[Directions for this task]
Nothing but the lines from the one with "2018-19 Upper Deck" through the end of the material should be retyped, word for word and without pictures.

[Data provided]
>>>>>

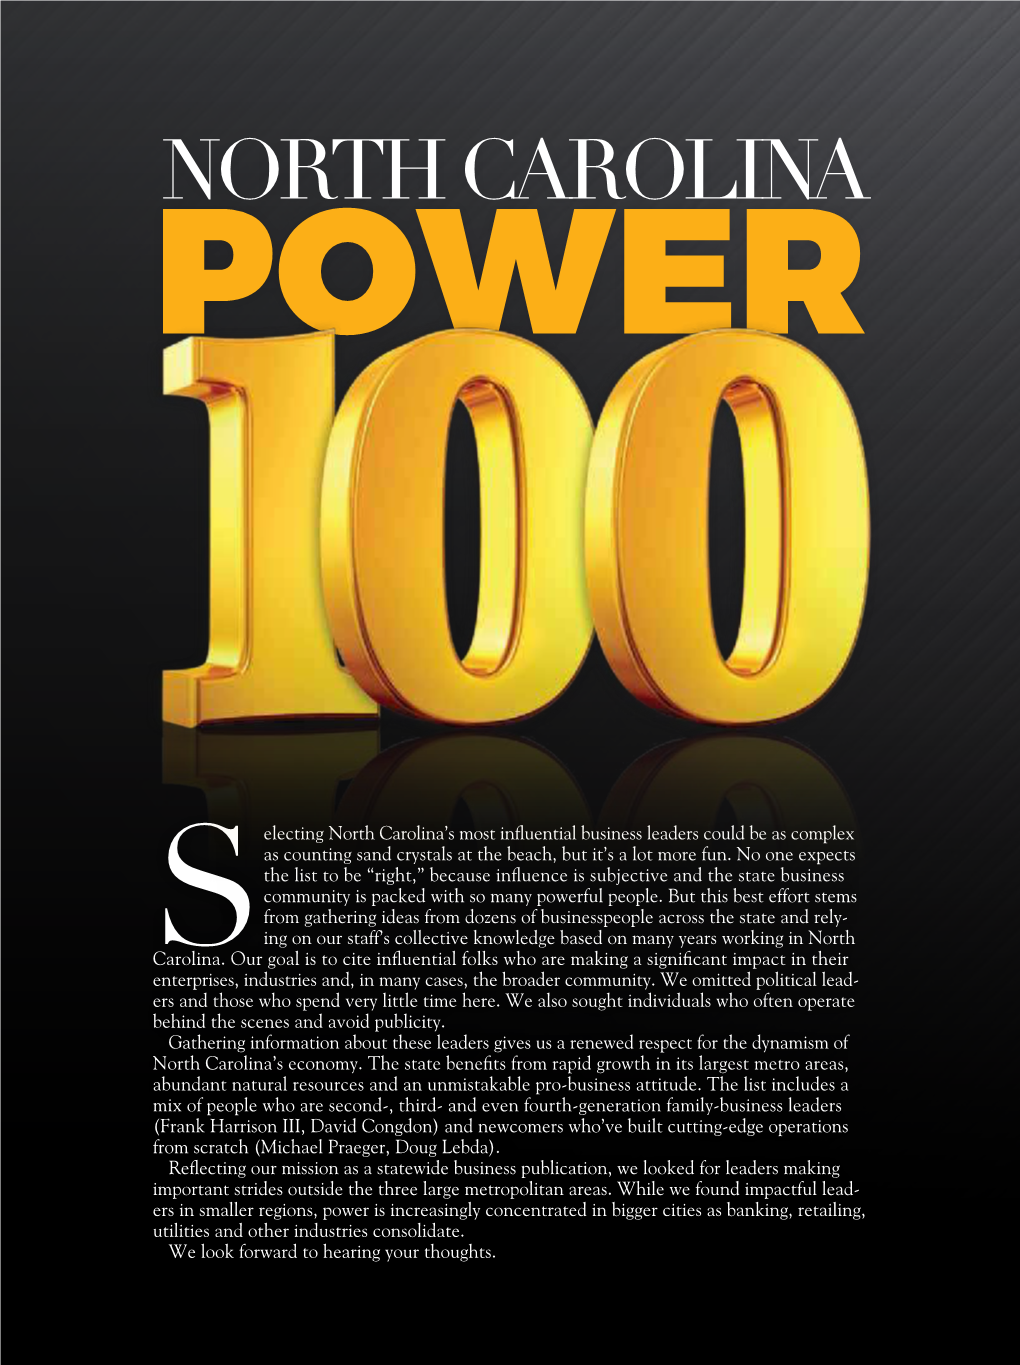 Power-100 Feb18 Lr.Pdf
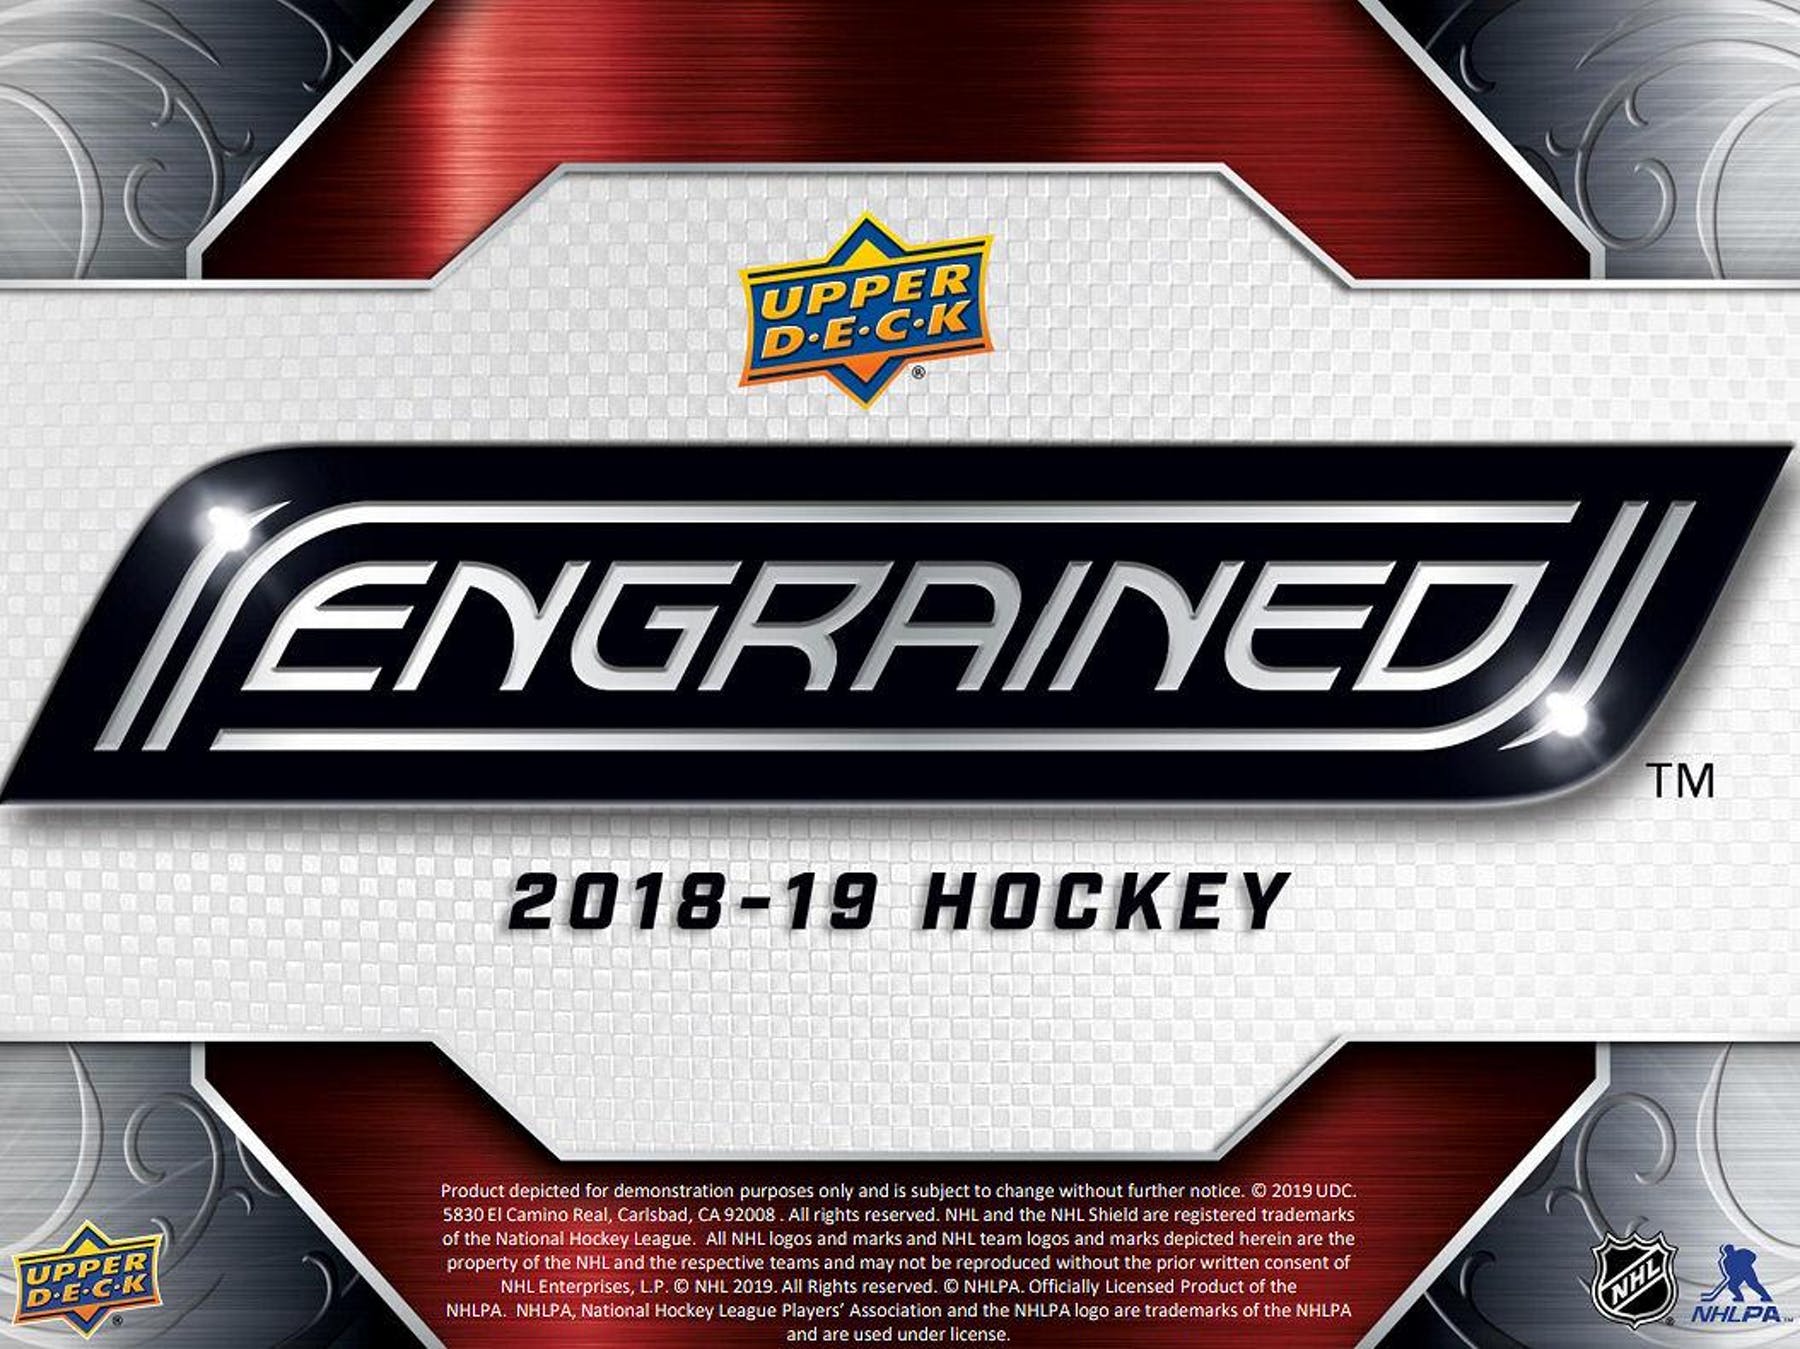 2018-19 Upper Deck Engrained Hockey Hobby Box - BigBoi Cards
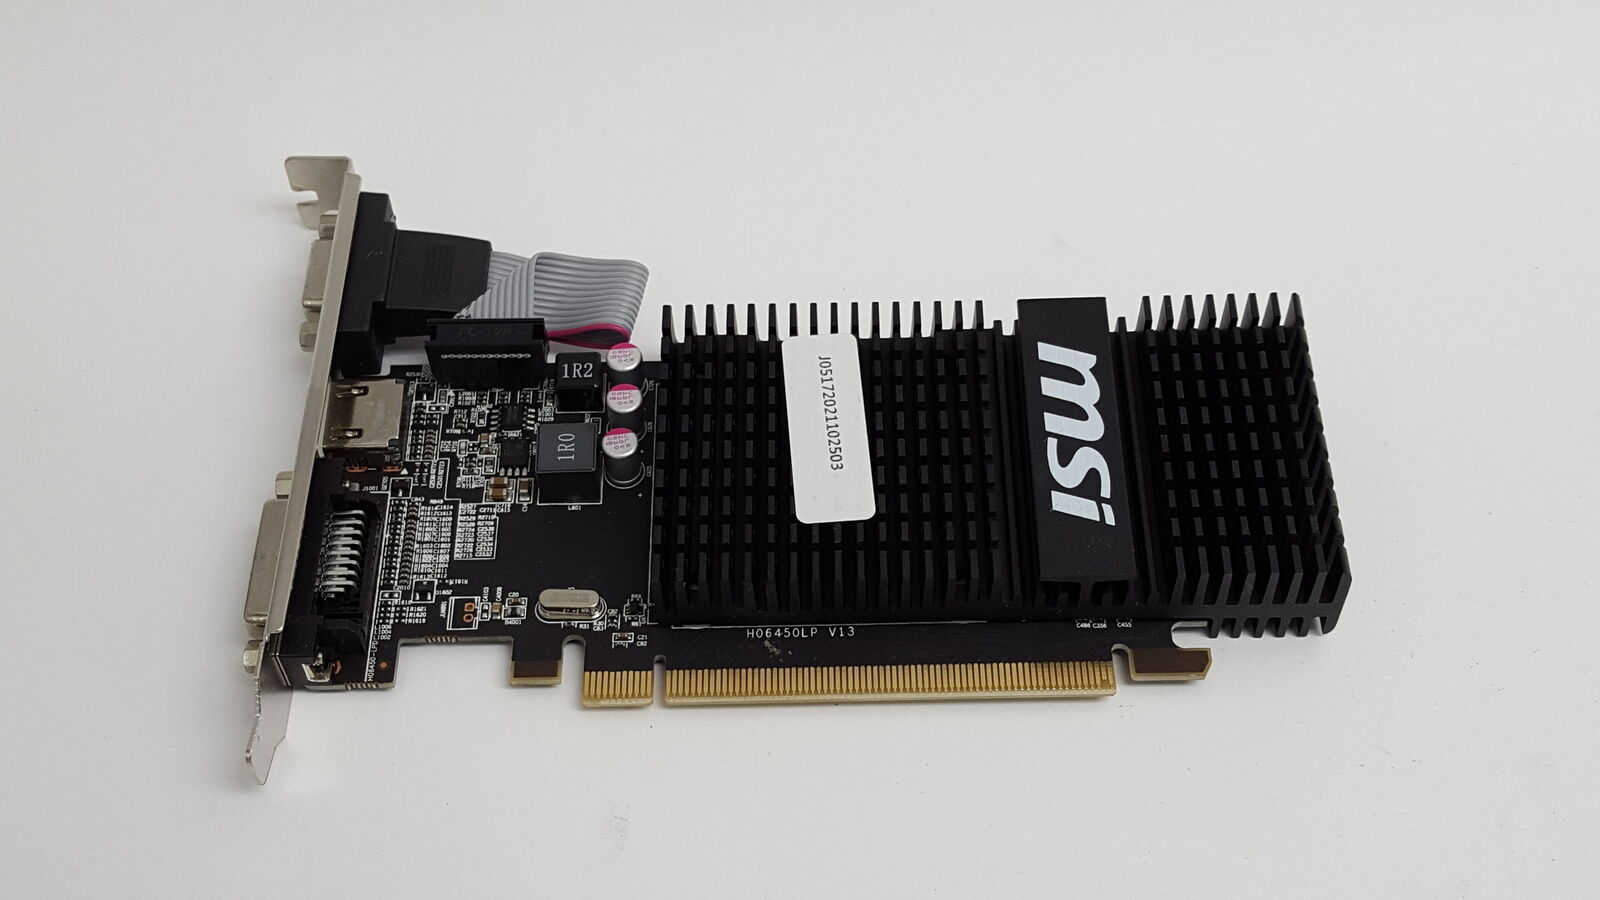 MSI ATI Radeon HD 6450 2 GB DDR3 PCI Express x16 Desktop Video Card

<<<<<

[Reply]
 2018-19 Upper Deck Engrained Hockey Hobby Box - BigBoi Cards
 MSI ATI Radeon HD 6450 2 GB DDR3 PCI Express x16 Desktop Video Card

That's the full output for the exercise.